Basalt fiber, from which mineral wool is made, has a very high melting point. Therefore, this insulation can be used for installation on chimneys, the surface of which can be very hot.

There is one point here. The insulation is not waterproof and, when moistened, may lose its heat-shielding properties. To avoid this, when insulating, it is necessary to install hydro- and vapor barrier membranes. Or buy those varieties of mineral wool that are treated with special water-repellent compounds.

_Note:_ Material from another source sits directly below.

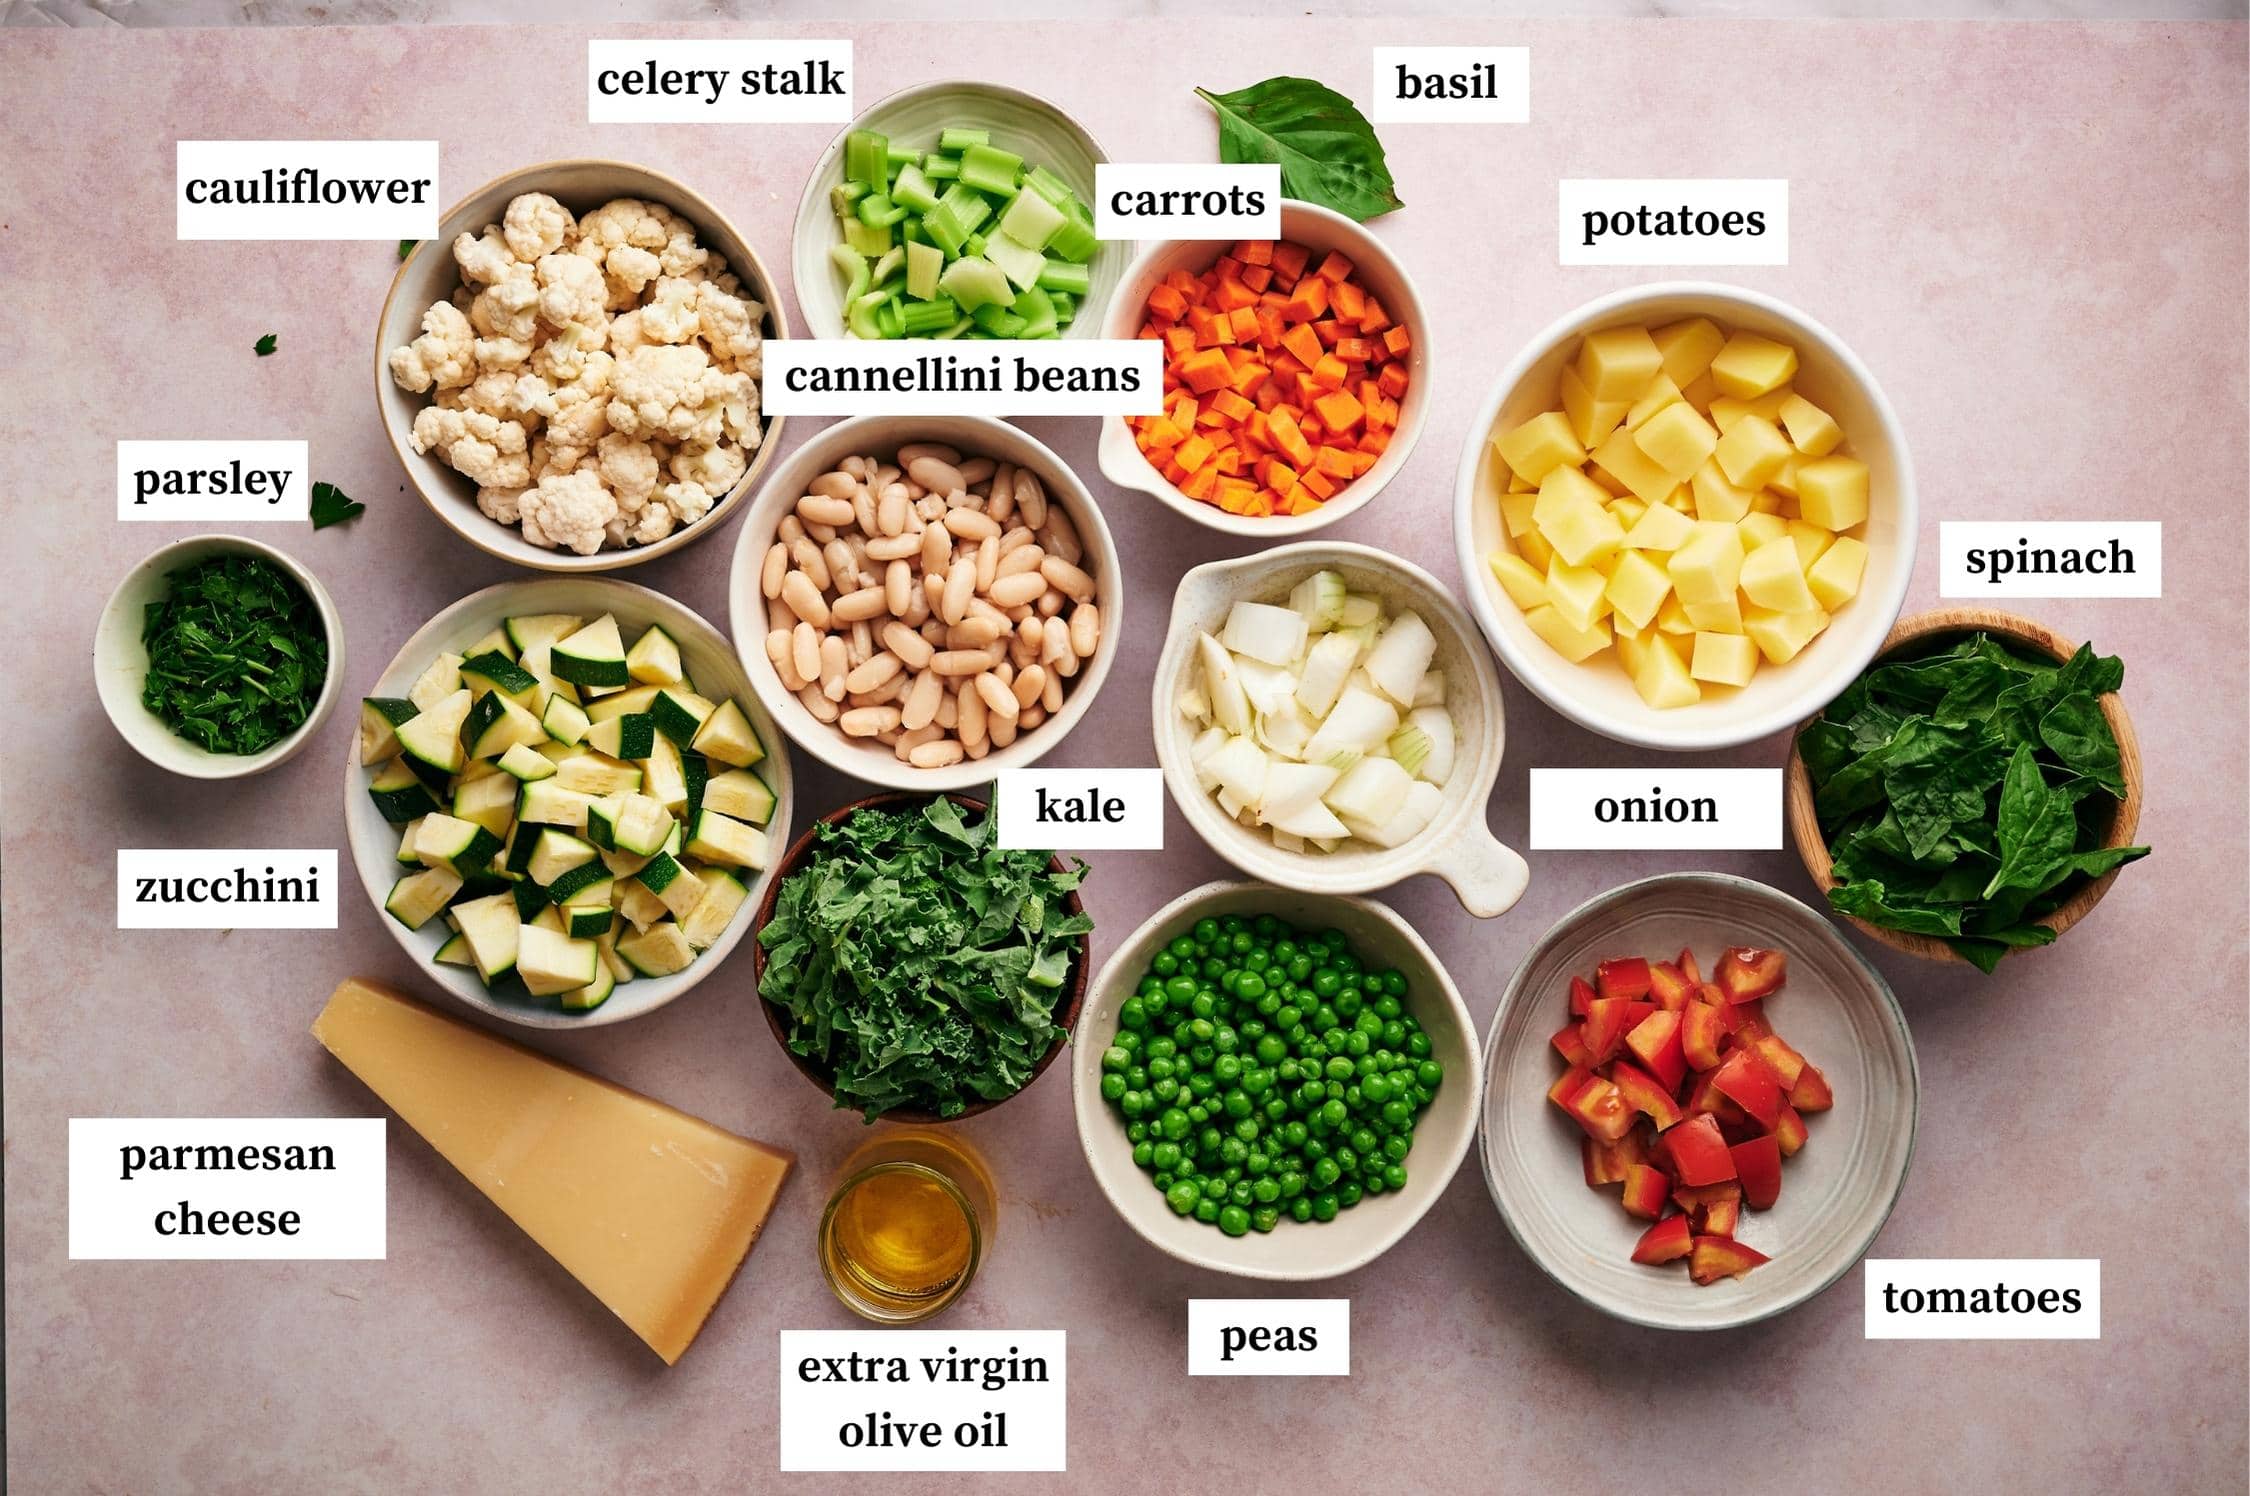 Ingredients for Minestrone soup: cauliflower, celeery stalk, carrots, basil, potatoes, spinach, onion, tomatoes, peas, kale, extra virgin olive oil, cannellini beans, parmesan cheese, zucchini and parsley.

The bottleneck of some types of mineral insulation is environmental friendliness. In the manufacture of basalt mats, a certain amount of formaldehyde resins is used, which can be harmful to human health. Especially during the installation process.

Expanded clay

Granules of this material, as I already told you, were also used by my father, insulating his first cottage. Expanded clay has a low coefficient of thermal conductivity and weighs a little. However, it is loose, so it can only be used to insulate the floor of the under-roof space.

But the installation process itself does not require any tricks. You just need to pour it on the floor, and then properly protect it from moisture with a moisture-proof membrane. If you are going to equip the attic later, you can cover it with a screed on top, and then lay a decorative coating.

Independent insulation of the attic space

We sort of decided on the most popular heat-insulating materials, now I’ll tell you how to properly insulate the under-roof space so that you can equip an attic there in the future.

Let's take up the question of how to lay the insulation under the crate, because this method will allow you to stuff the decorative material of your choice without any problems in the future.

In my son’s attic, I decided to use mineral wool, but I’ll tell you right away about foam plastic, since the work technologies are similar, and it’s easier to work with foam plastic if you are a beginner builder.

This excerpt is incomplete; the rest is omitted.